I hate to say it, but we are on the cusp of seeing multiple channel bankruptcies. In good times, cash flow is the biggest contributor to solution provider failures. In bad times lines of credit dry up, suppliers and distributors get taxed and at some point the breaking point is reached.
We are now at that breaking point and unless we begin to see some real economic improvement we are going to see really difficult times in the next few months for partners.
The recent example of the MIS Group—a Sage Partner of The Year for two years running—shutting its doors is not a good sign.


I'm having far too many conversations with partners and vendors alike where cash flow issues in the channel are coming up as a growing problem. In some cases, partners are closing deals and then facing difficulty getting the financing to pull them off.
The only reason this hasn't become a bigger issue is that the credit, available through distribution and the vendors, has been holding the tide back.
However, a few solution providers I've talked to recently believe they can get through the next three to six months in the current economic environment, but if it goes much beyond that they are not sure. Others are, of course, well-financed and fine.
This scenario means we are headed toward a period where a lot of vendors are going to find that their partner base is out of balance. There has been a lot of emphasis on getting more from better partners over the past few years and not enough effort has been made on purging, recruiting and refreshing channel makeup.
The MIS example goes to show that vendors' best-performing partners are not always financially sound.
And direct marketing resellers are being particularly hard hit given the dependence on hardware and not solution sales for this category of partners.
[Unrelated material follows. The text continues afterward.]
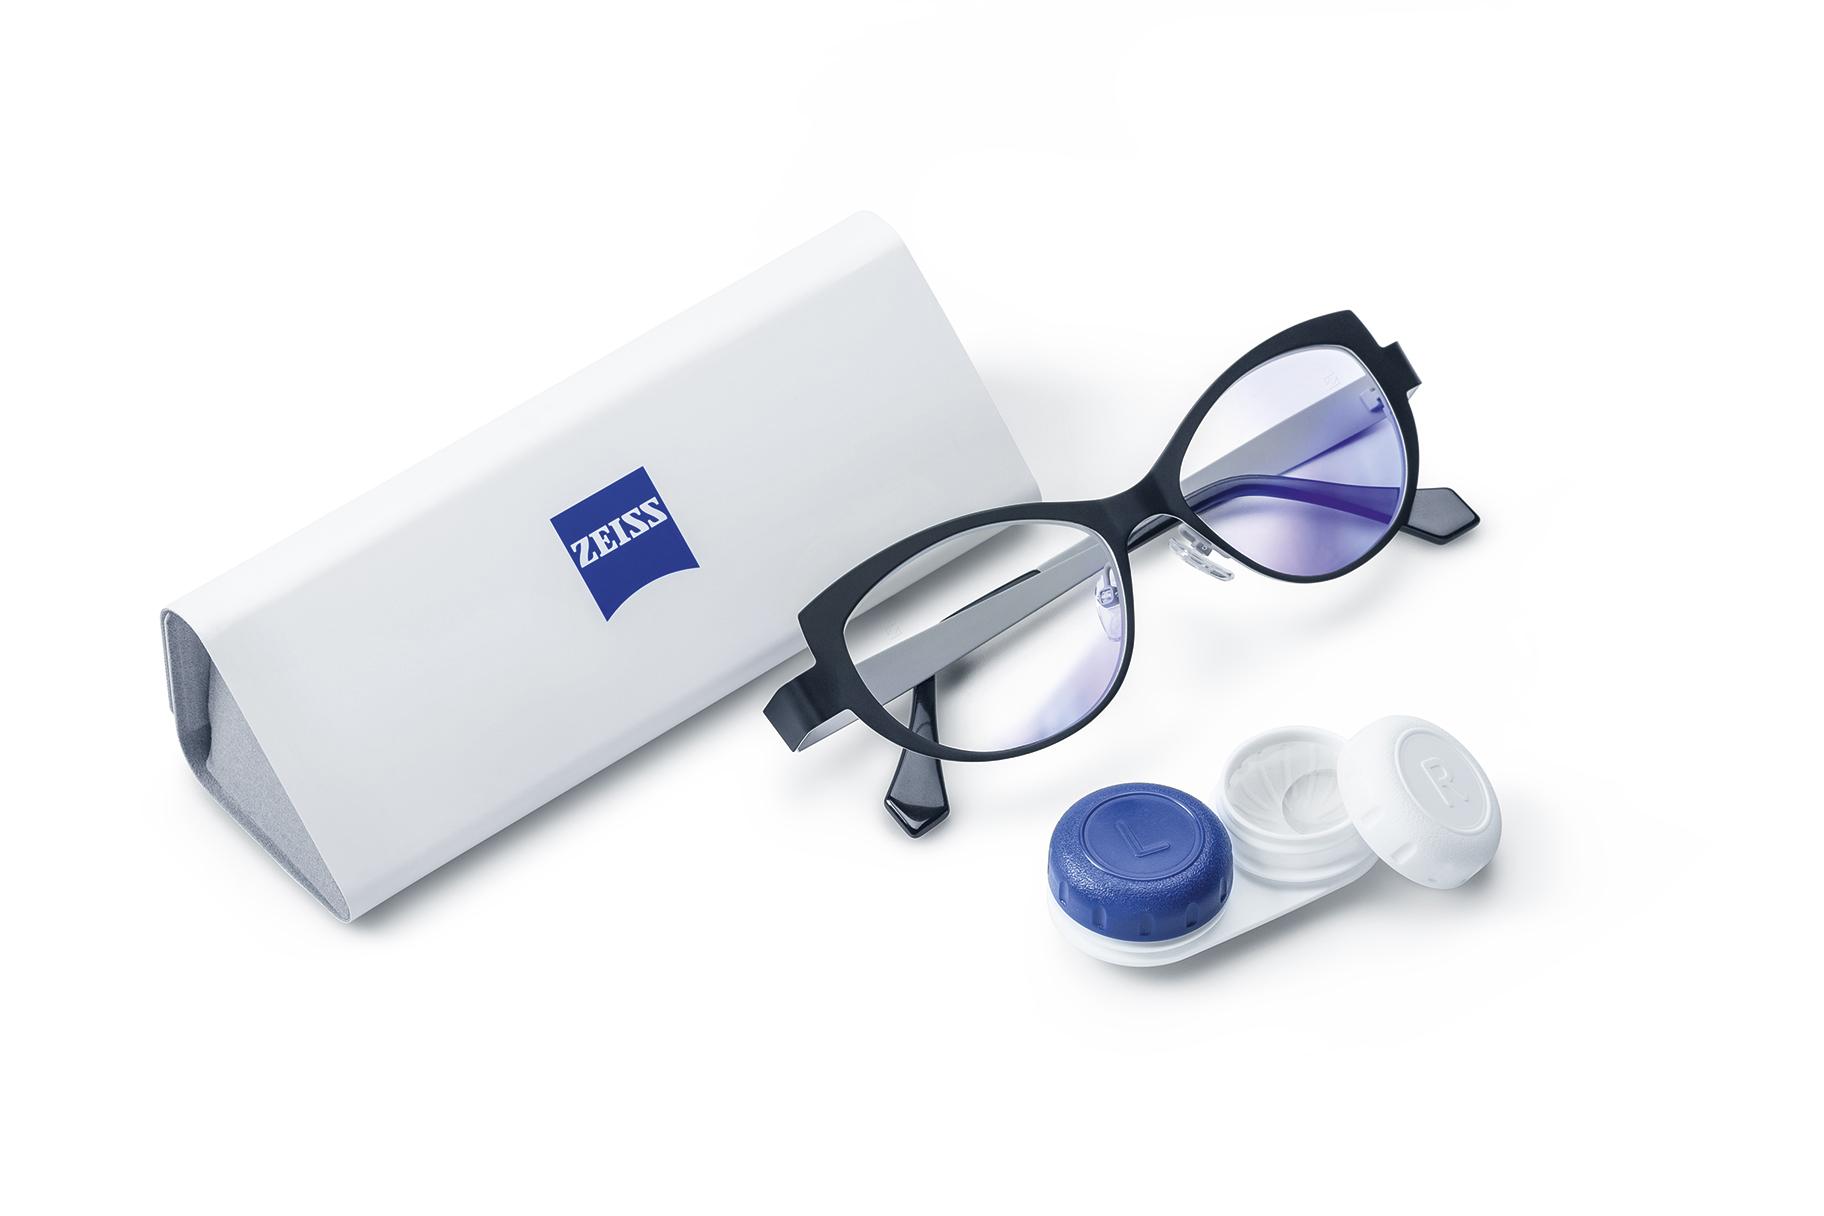 zeiss energizeme eyeglass lenses for contact lens wearers

Customers are still saying if it isn't flat-out broken we are not replacing it.
For solution providers, the trick to remaining solvent during the six to 12 more months will revolve around cash flow and managing costs. Vendors need to help partners with creative cash flow enhancement deals that allow them to stretch payment on deals sold.
This, in my opinion, is going to force vendors to get deep into the weeds around channel financial stability and it will require a larger effort in maintaining a balanced and financially solvent channel. 

How they do it will be interesting to watch.